### What you are asked to do
Take the line containing "transgresivo (transgresiva)" and every line after it to the end of the material below; reproduce them exactly, without pictures.

### Given material
::::::::

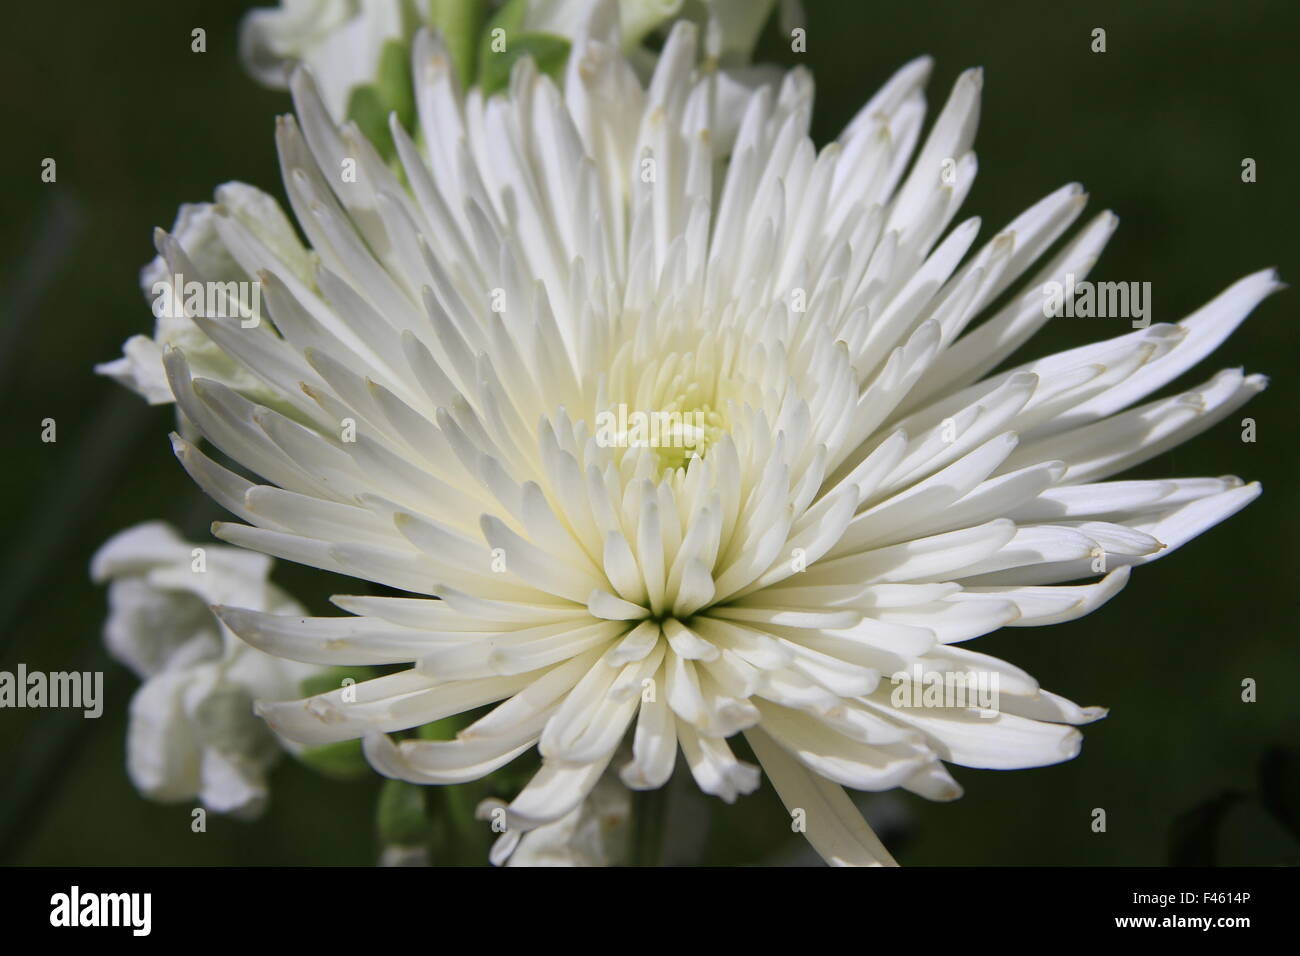 Beautiful white spider mum flower macro photography Stock Photo
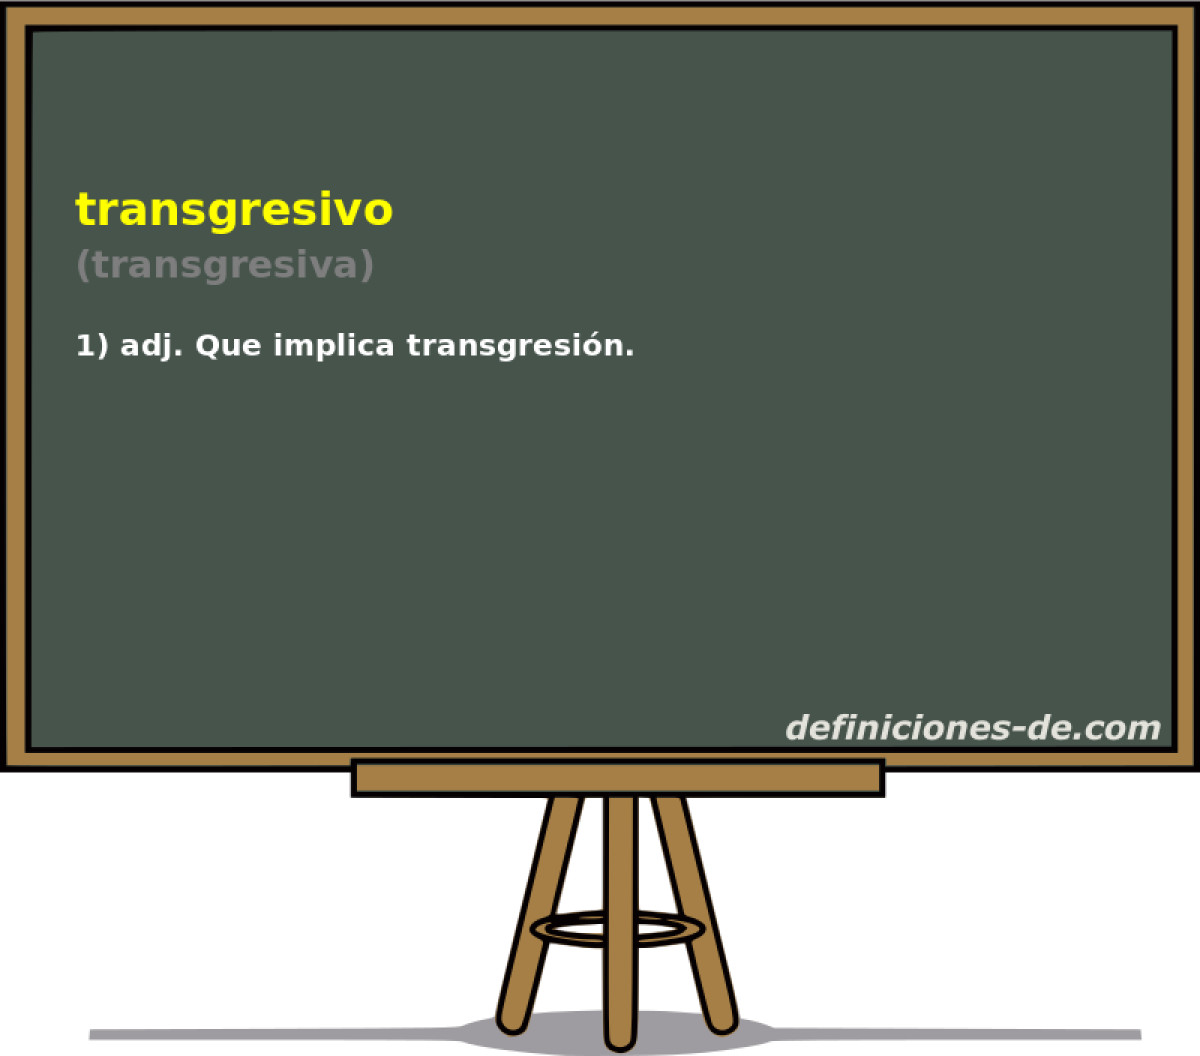 transgresivo (transgresiva)
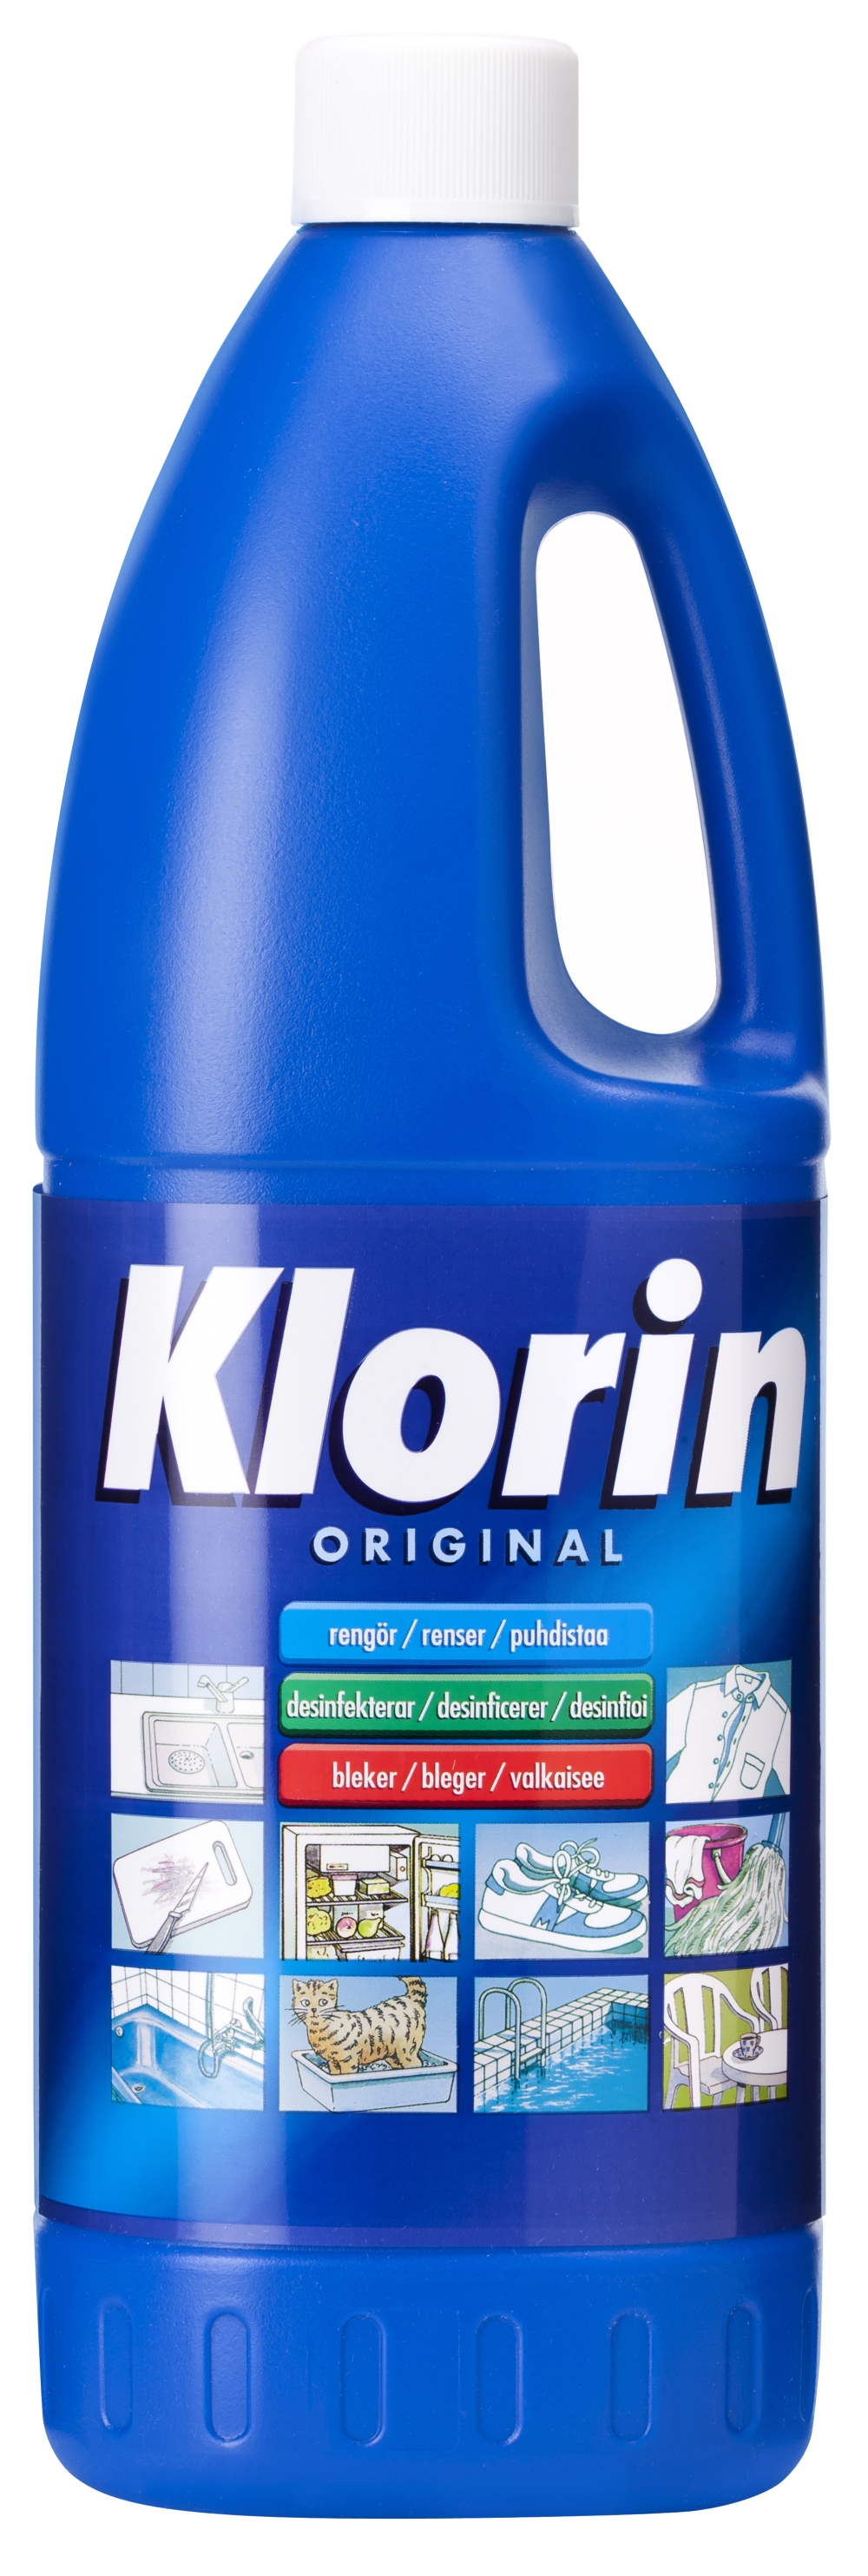 Blekmedel Klorin - 1,5l naturell original

::::::::

### Task answer
 transgresivo (transgresiva)
 Blekmedel Klorin - 1,5l naturell original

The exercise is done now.